Accueil > Chansons > De quoi vous plaignez-vous ?

De quoi vous plaignez-vous ?

Déjacque, Joseph


Texte (chanson) de Joseph Déjacque (1857).


Horreur ! horreur ! disent tout bas les âmes.
— Horreur, hélas ! répond la Liberté. —
Tout n’est que vols et que meurtres infâmes,
Le Mal est dieu dans la société.
— Oui, pour le mal il est lit de roses,
Oui, pour ce maître il n’est rien de trou doux
— Nous subissons la logique des choses. —
— Conservateurs… de quoi vous plaignez-vous ?
 
Vous qui voulez des lois, une Justice,
Dévots soutiens du temple du Pouvoir,
Vous qui versez au tronc de la police
Plus que n’eût pris l’inquiet Désespoir ;
Si dans la rue un watchman vous inspecte,
— Lui, l’homme d’ordre, — à l’instar des filous ;
S’il vous détrousse à quelque heure suspecte :
Gens attardés… de quoi vous plaignez-vous ?
 
Bourgeois, pour qui tout est trafic et lucre,
Vous dont Mercure assiste les bazars,
Agioteurs de coton ou de sucre,
Pasteurs d’humains, moissonneurs de dollars ;
— Établissez des banques de commerce,
Battez monnaie avec de vieux licous…
Au vent du Nord la peur vous bouleverse…
Monopoleurs, de quoi vous plaignez-vous ?
 
Vous qui rêvez de loisirs et de fêtes,
Femmes du maître ou femmes de commis,
Et gaspillez en de folles toilettes
Tout l’or et plus qu’encaissent vos maris ;
— Pour satisfaire au luxe de vos jupes,
Un check vaut mieux qu’un pauvre billet doux,
Vous vous vendez ; vos amants font des dupes…
— Cœurs sans amour, de quoi vous plaignez-vous ?
 
Vous dont le bras, ouvriers et manœuvres,
Nourrit un monde oisif et corrupteur,
Vous qui donnez le produit de vos œuvres
Pour, — noirs ou blancs, — enrichir l’exploiteur.
— Sujets soumis, — on vous parque, on vous fouette.
— Marrons, — la faim vous traque dans vos trous.
L’esclave-humain ne vit pas, il végète…
Déshérités, de quoi vous plaignez-vous ?
 
Soit république, empire ou monarchie,
Nargue du nom : — c’est de l’autorité.
— Tant que, courbé sous une hiérarchie,
L’on rampera dans la légalité ;
Tant qu’on n’aura, — de riche à prolétaire,
D’esclave à maître, — aboli tous les jougs,
La mal-stateur régnera sur la terre.
— Civilisés, de quoi vous plaignez-vous ?
 
Ah ! ce qu’il faut pour vivre en harmonie,
— Vivre du bras, du cœur et du cerveau, —
Pour nous sevrer d’un monde à l’agonie
Et revêtir la puberté du beau.
— C’est de jeter à l’égout Code et Bible,
C’est de fouler aux pieds sceptres et knouts.
— L’ordre anarchique est l’ordre imprescriptible. —
Esprits obtus, de quoi vous plaignez-vous ?

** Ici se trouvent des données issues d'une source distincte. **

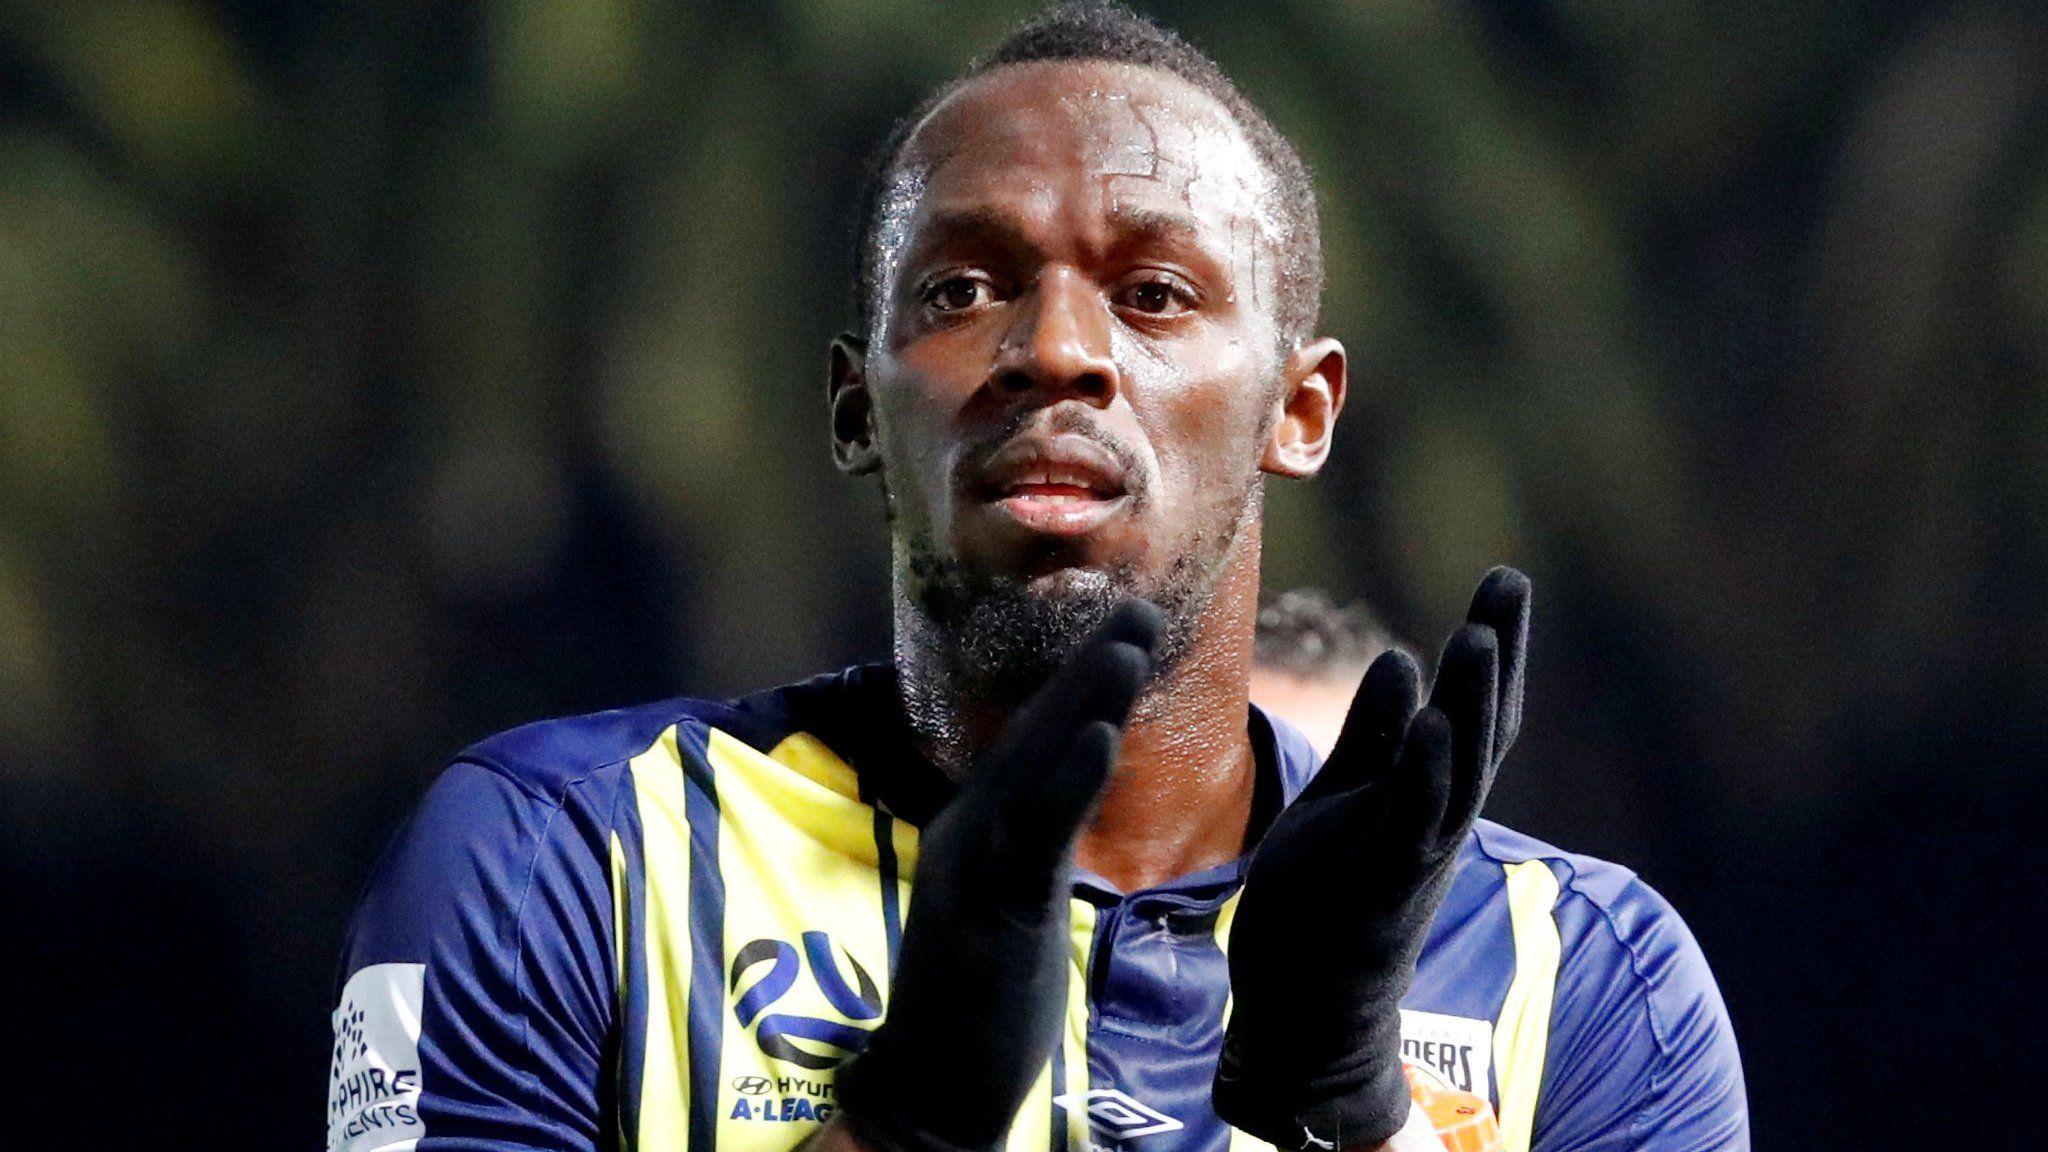 Usain Bolt Eighttime Olympic champion 'turns down

La Nouvelle-Orléans, octobre 1857


Paru dans Le Libertaire (New-York), nº 1 (9 juin 1858).

Paru aussi in : Manfredonia, Gaetano. — Libres ! Toujours… : anthologie de la chanson et de la poésie anarchistes au XIXe siècle. — Lyon : Atelier de création libertaire, 2011 (p. 37).